特に、宝石を眺めて耳がぴょこぴょこしている彼女にだ。
とりあえず、挨拶させるか……。
「氷を作って、背中にほいっと」
「うひょうおおおおお!? 何するんですか!!!」
「ずっと呆けているからだよ、ちゃんと相手してくれ……」
「あーすみません……それで、今日は……ってまた奥さん増やしたんですね……」
またコイツは……みたいな目で見て来る。
「あはは……まぁ、それもあるけど。本題は違うんだ……おーい、ロップルさん」
呼びかけるとぴょこぴょことこちらに寄って来る。
「はい、何でしょうかユウキさん」
「えっと、もしロップルさんの好みに合えば、彼を紹介しようと思ったんだけど」
「ゆ、優希さん!?」
狼狽えるな少年よ……バレバレだと恥ずかしいぞ。
「とりあえず、紹介するね。金守 弘幸君。俺の会社の従業員で同じ学校の友達、歳は……17歳だっけ?」
「は、はい! 金守弘幸17歳! 趣味はアクセサリー作りとアニメ鑑賞です!!」
立ち上がり直立で応える金守君、ガチガチに緊張してるのが微笑ましくもある。
「ふーん……あにめかんしょう? ってのがわからないけどアナタ職人なんだ……」
値踏みをするように、じっくりと見るロップルさん、そしてしばらく悩んだ後口を開く。
「アナタ、私の姿に嫌悪感は?」
「無いです! むしろ好みです!!」
「ふむ……それで、ここにある宝飾品はアナタが作ったの?」
「えっと……僕と祖父と父です」
「アナタの作った一番の奴を見せて」
「はい! 持ってきます!!」
鍵を持ってわたわたと取りに行く、その背を見ながらロップルさんに声をかける。
「どう? 悪くないとは思うんだけど……」
「うーん……正直60点くらいの男性ですね」
「手厳しいなぁ……」
「そうですか? 私的にはユウキさんが80点の男性なんでそれを超えないと」
「俺ってそんなに高得点なんだ……」
好みじゃ無いと言われてたので4~50点くらいだと思ってたけど……。
「ですね~お金持ちだし、顔は良いし。

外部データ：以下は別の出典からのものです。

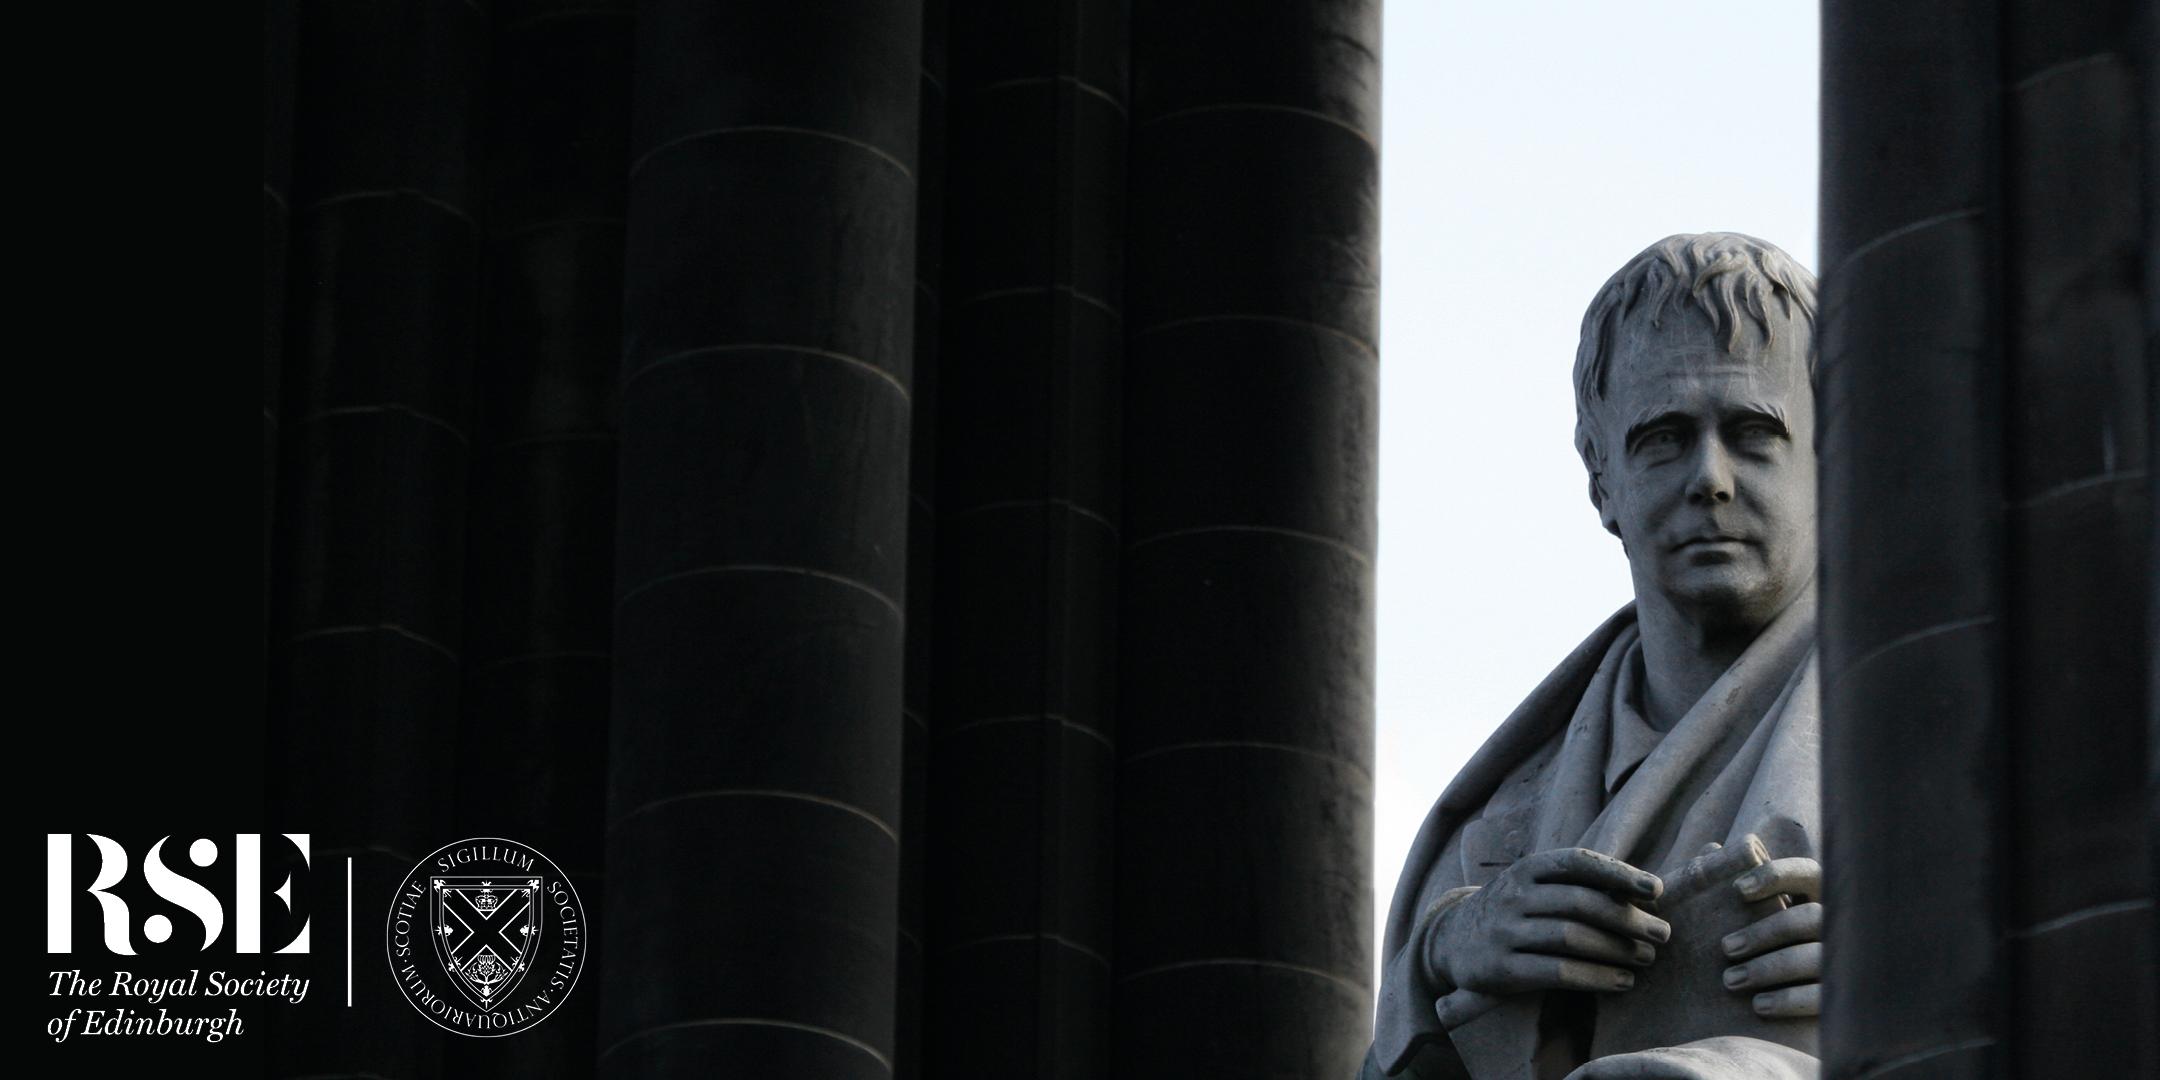 The Scott Monument, Princes Street Gardens, Edinburgh

私の事嫌そうな顔で見ないし」
「まぁ、友達に嫌な顔はしないよ」
「まず、その時点で得点高いんですよ、どうしても兎獣人は避けられがちというか……」
「でも、割とモテて無かったっけ?」
なんか過去の時代でも言い寄られてたと思うんだけど……。
「あーあれは、私自身の頑張りと。後はいわいる度胸試しみたいなものです。兎獣人を嫁にすれば己の強さが示されるとか……」
「え? ちょっと待って。どういうことなの?」
「あれ? 知らなかったんです? 兎獣人ってかなり強いんですよ」
ポケットから鉄の板を取りだして、親指と人差し指を使い器用に折り畳んでいく。
「マジか……」
「そうじゃなきゃ、伝令役で派遣されないですよ!まぁ私が宝飾品の加工が得意なのは、力もあるからなんですけど、もう一つ兎獣人は『戦争兎』と呼ばれているんです」
「ウォーパル?……ヴォーパルじゃないのか……」
「その呼び名は昔呼ばれていたそうです。色々な戦場で戦い手柄を立てたからだそうです。とは言っても、そんな事私には関係無いんですけどね……」
そう言って寂しそうに笑ったタイミングで金守君が戻って来た。
作者です。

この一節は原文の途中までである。